BAGHDAD, Iraq, June 3 — The sabotage attacks that have crippled Iraq's oil pipelines and refineries for the past three years are now being used to aid a vast smuggling network that is costing the Iraqi government billions of dollars a year, senior Iraqi and American officials here say.

Once thought to be only a tool for insurgents to undermine the government, the pipeline attacks have evolved into a lucrative moneymaking scheme for insurgents and enterprising criminal gangs alike.
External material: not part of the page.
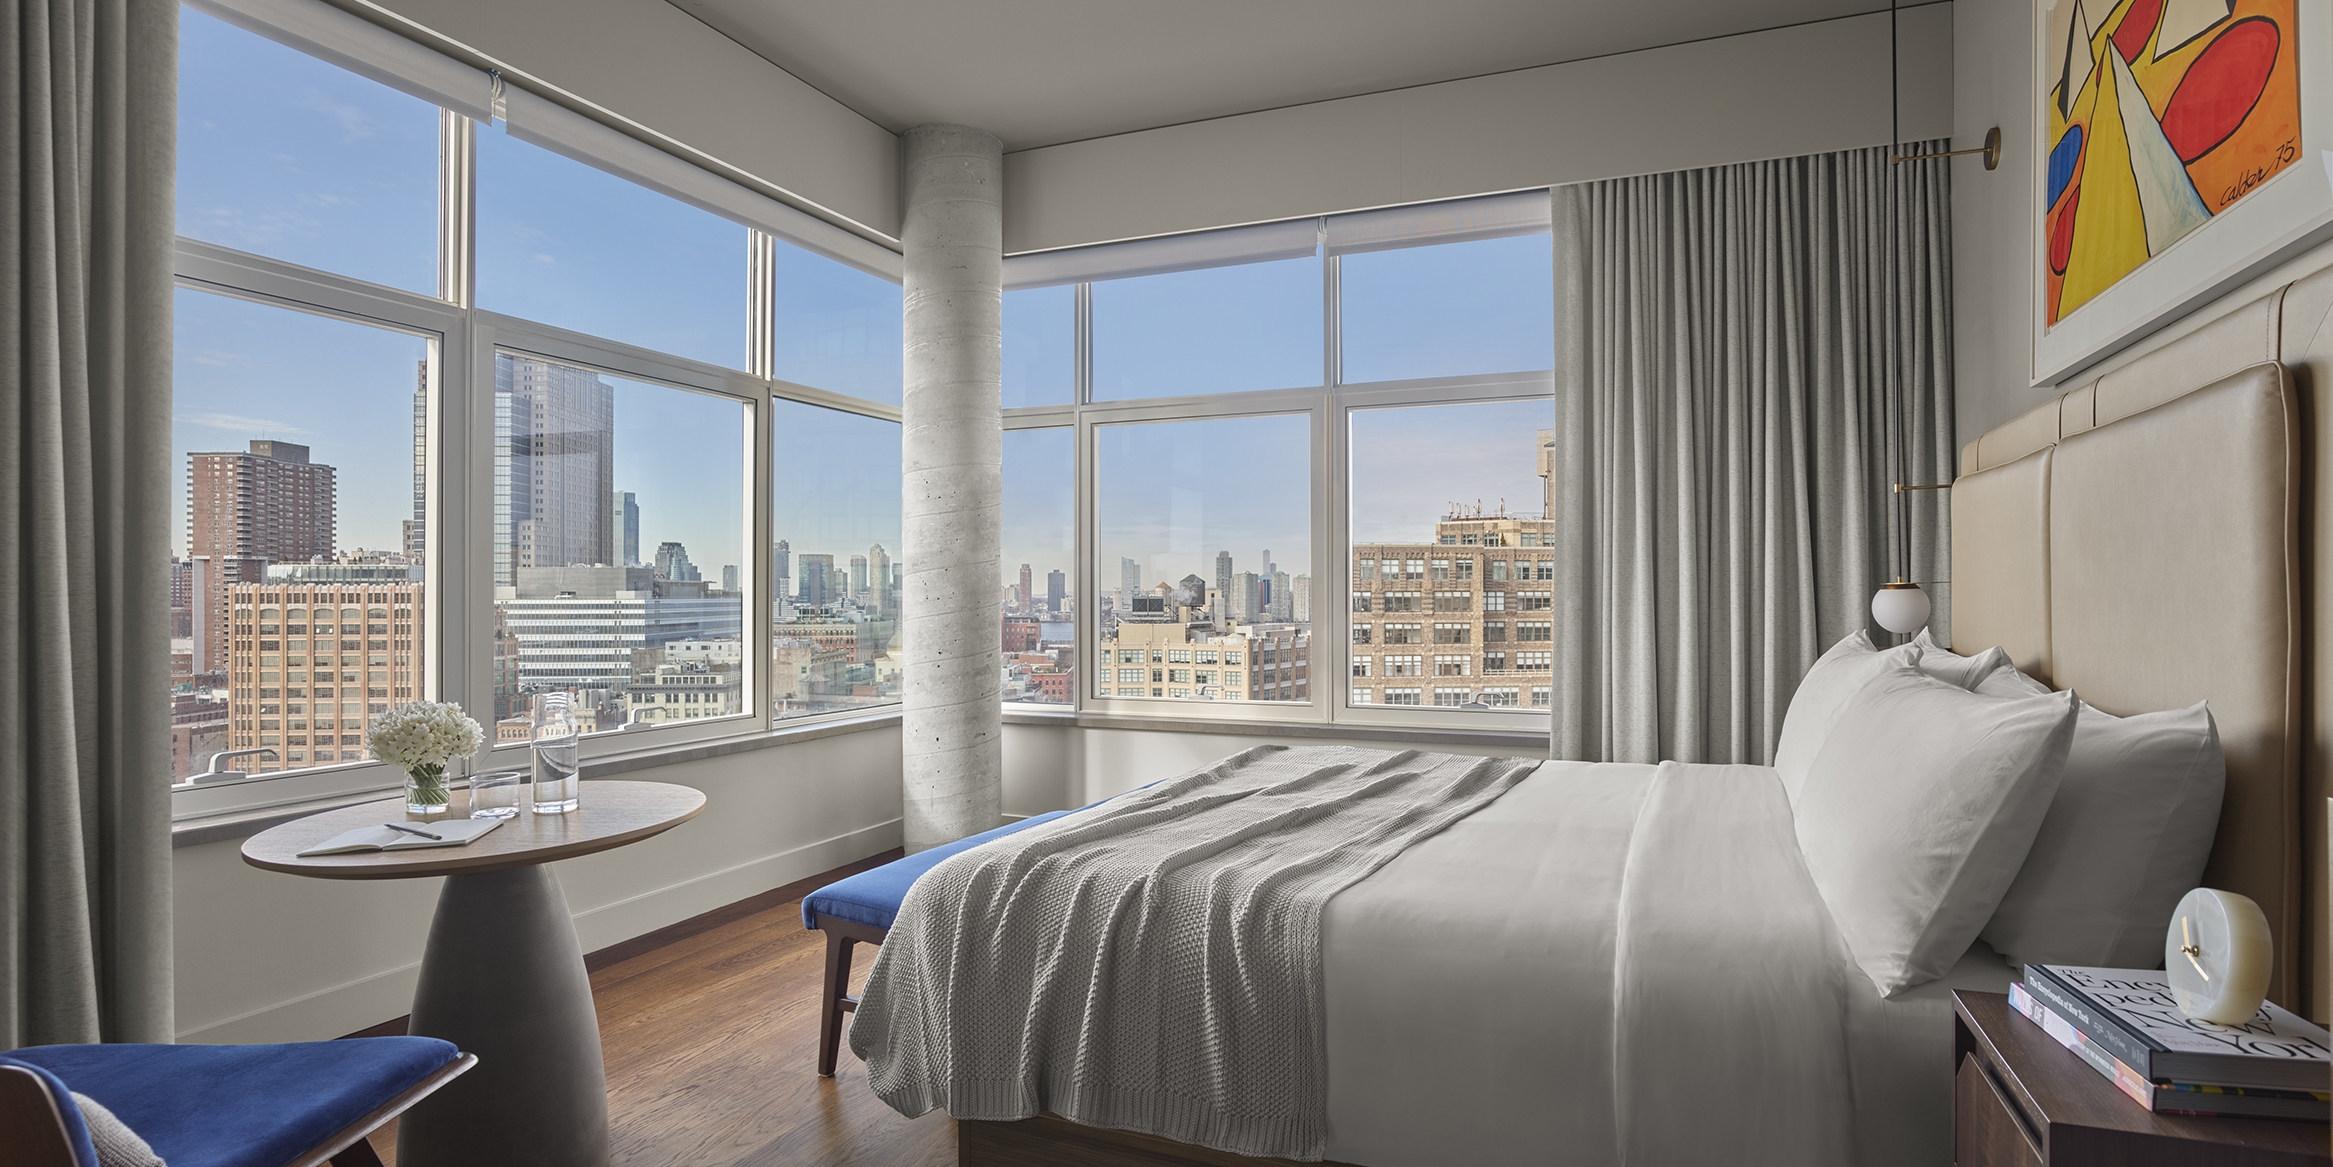 ModernHaus SoHo opens in downtown Manhattan

Ali Al Alak, the inspector general for the Oil Ministry, said the attacks are now orchestrated by both groups to force the government to import and distribute as much fuel as possible using thousands of tanker trucks.

In turn, the insurgents and criminal gangs — distinguishing among them has become increasingly problematic — have transformed the trucking trade into a potent tool for smuggling.

In many cases documented by Mr. Alak and other Iraqi officials, truckers, often collaborating with smuggling gangs, pay bribes or use forged papers to inflate the value of their load, tamper with their fuel meters, or simply turn their loads over to the gangs.

As a result, as much as 30 percent of imported gasoline is promptly stolen and resold abroad by smugglers, according to American and Iraqi officials. The shortfall is part of what forces Iraqi families to spend more on fuel from the black market, where it is far more expensive than from legal outlets.

The poisonous blend of smuggling and sabotage is yet another blow to the economy of a country whose huge oil reserves were expected before the 2003 invasion to pay for its reconstruction.

The network is so pervasive and entrenched, the officials say, that fuel importers brazenly arrive at depots with half-empty tankers and arrange to have their deliveries certified as complete. It is also lucrative for the smallest of businesses. Bakers, brick makers and even fishing boat operators find it more profitable to sell fuel, which they receive at subsidized prices, to illicit traders rather than operate their businesses.

It is unclear where in these operations the simple urge to make a buck ends and schemes to finance insurgent activities or disrupt the workings of the Iraqi government begin. But American and Iraqi officials say that a mix of insurgents, organized criminal groups and scores of independent operators are working together in some loose network to keep their grip on the system and turn enormous profits.

Borders are porous, roads are unsafe, officials at state-run oil companies are accused of being in league with insurgents and Iraq's oil wealth is carried out of the country in ships and tanker trucks as American and British overseers look the other way, the Iraqi and American officials say.

The smugglers interrupt domestic tanker deliveries as well as those bringing in fuel from abroad.

Ibrahim Bahr al-Uloum, a former oil minister, said it was obvious that crude oil pipelines connecting the northern wells with refineries and power plants farther south, in the Baghdad area, had been repeatedly struck to force trucks to move the crude. Oil employees trying to fix the pipelines had sometimes been kidnapped and killed. Both the trucking companies and groups in the protection rackets were probably complicit in some way, he said.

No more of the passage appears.